This is the real problem. Even if you don't run anything in AWS directly, someth...

dexterdog · 2025-10-20T22:32:18 1760999538

This becomes the reason to run in us-east-1 if you're going to be single region. When it's down nobody is surprised that your service is affected. If you're all-in on some other region and it goes down you look like you don't know what you're doing.

kelseydh · 2025-10-20T17:49:33 1760982573

This whole incident has been pretty uneventful down in Australia where everything AWS is on ap-southeast-2.

parliament32 · 2025-10-20T16:49:56 1760978996

> Even if you don't run anything in AWS directly, something you integrate with will.

Why would a third-party be in your product's critical path? It's like the old business school thing about "don't build your business on the back of another"

caymanjim · 2025-10-20T18:00:59 1760983259

It's easy to say this, but in the real world, most of the critical path is heavily-dependent on third party integrations. User auth, storage, logging, etc. Even if you're somewhat-resilient against failures (i.e. you can live without logging and your app doesn't hard fail), it's still potentially going to cripple your service. And even if your entire app is resilient and doesn't fail, there are still bound to be tons of integrations that will limit functionality, or make the app appear broken in some way to users.

The reason third-party things are in the critical path is because most of the time, they are still more reliable than self-hosting everything; because they're cheaper than anything you can engineer in-house; because no app is an island.

It's been decades since I worked on something that was completely isolated from external integrations. We do the best we can with redundancy, fault tolerance, auto-recovery, and balance that with cost and engineering time.

If you think this is bad, take a look at the uptime of complicated systems that are 100% self-hosted. Without a Fortune 500 level IT staff, you can't beat AWS's uptime.

fauigerzigerk · 2025-10-20T18:40:45 1760985645

Clearly these are non-trivial trade-offs, but I think using third parties is not an either or question. Depending on the app and the type of third-party service, you may be able to make design choices that allow your systems to survive a third-party outage for a while.

E.g., a hospital could keep recent patient data on-site and sync it up with the central cloud service as and when that service becomes available. Not all systems need to be linked in real time. Sometimes it makes sense to create buffers.

But the downside is that syncing things asynchronously creates complexity that itself can be the cause of outages or worse data corruption.

I guess it's a decision that can only be made on a case by case basis.

jen20 · 2025-10-20T21:18:51 1760995131

With the exception of Amazon, anyone in this situation already has a third-party product in their critical path - AWS itself.

chasd00 · 2025-10-20T19:33:13 1760988793

> Why would a third-party be in your product's critical path?

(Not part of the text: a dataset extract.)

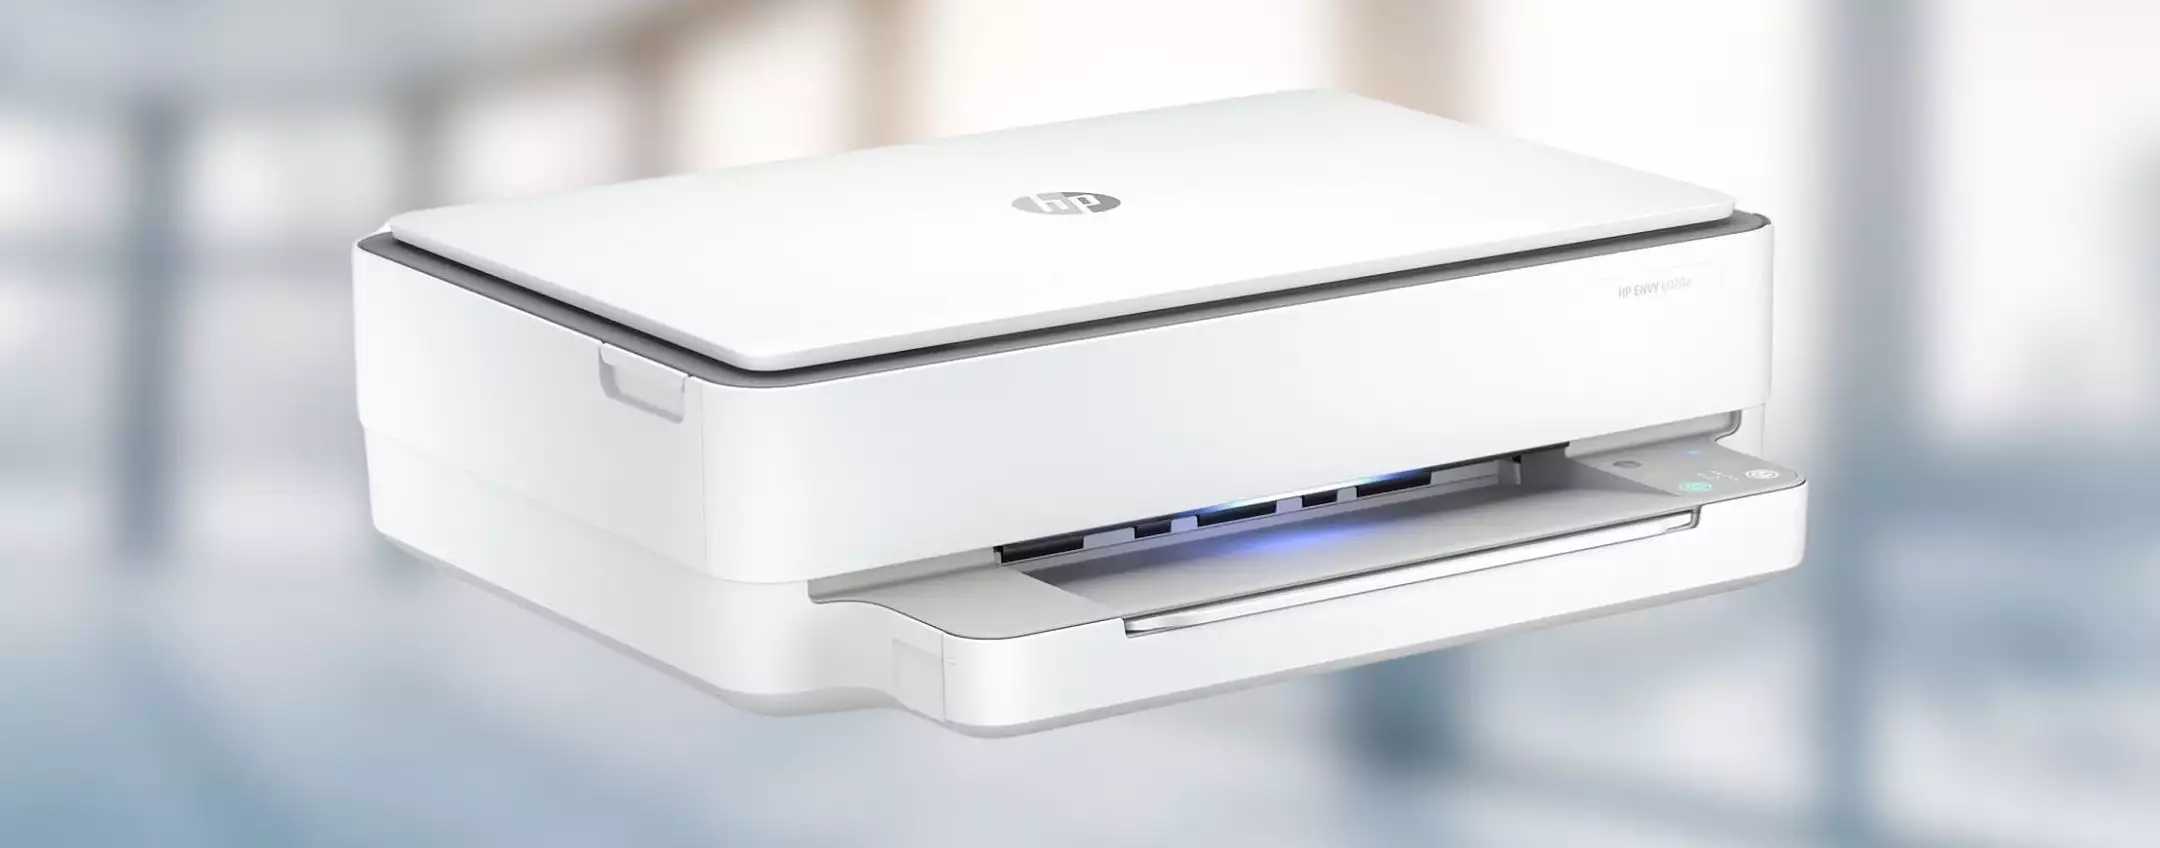 Stampante multifunzione HP con stampa fronte e retro automatica in maxi sconto (-46%)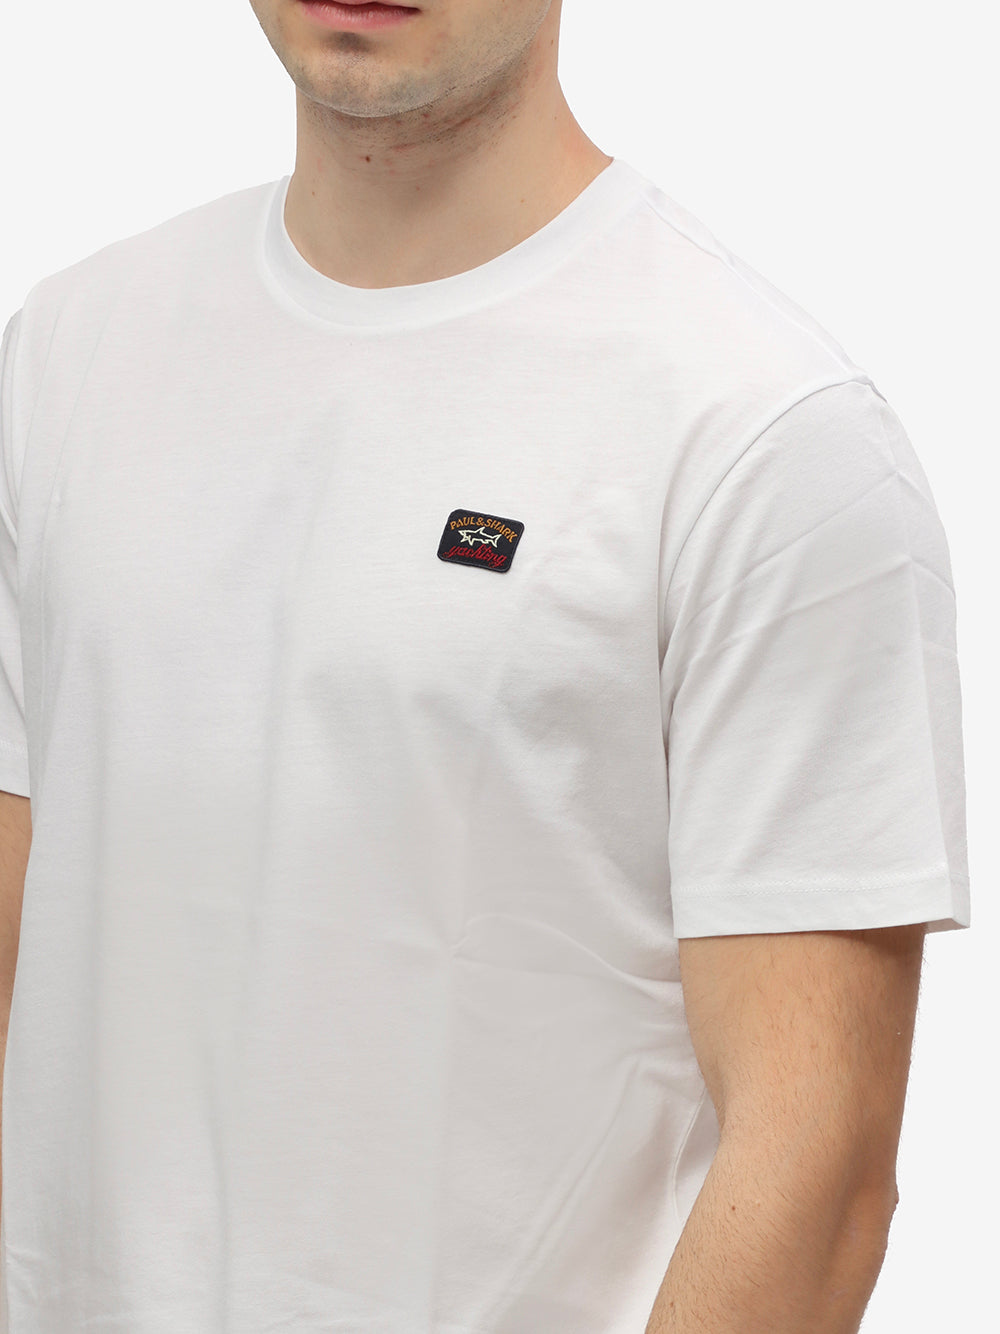 PAUL & SHARK T-Shirt Uomo Cotone Patch Logo-Bianco

i bet only 1-2% of AI startups are running their own models and the rest are just bouncing off OpenAI, Azure, or some other API.

thinkindie · 2025-10-20T17:51:57 1760982717

Not necessarily our critical path but today circleci was affected greatly which also affected our capacity to deploy. Luckily it was a Monday morning therefore we didn’t even have to deploy an hot fix.

pcdevils · 2025-10-20T18:03:09 1760983389

That's nearly every ai start-up done for

macintux · 2025-10-20T17:17:22 1760980642

No man is an island, entire of itself

unethical_ban · 2025-10-20T22:09:18 1760998158

* IAM / Okta * Cloud VPN services * Cloud Office (GSuite, Office365)

Good luck naming a large company, bank, even utility that doesn't have some kind of dependency like this somewhere, even if they have mostly on-prem services.

mlavrent · 2025-10-21T02:29:48 1761013788

The only ones I can really think of are the cloud providers themselves- I was at Microsoft, and absolutely everything was in-house (often to our detriment).

parliament32 · 2025-10-21T15:18:36 1761059916

I think you missed the "critical path" part. Why would your product stop functioning if your admins can't log in with IAM / VPN in, do you really need hands-on maintenance constantly? Why would your product stop functioning if Office is down, are you managing your ops in Excel or something?

"Some kind of dependency" is fine and unavoidable, but well-architected systems don't have hard downtime just because someone somewhere you have no control over fucked up.

unethical_ban · 2025-10-21T20:05:55 1761077155

Since 2020 for some reason lot of companies have fully remote workforce. If the VPN or auth goes down and workers can't login, that's a problem. Think banks, call center work, customer service.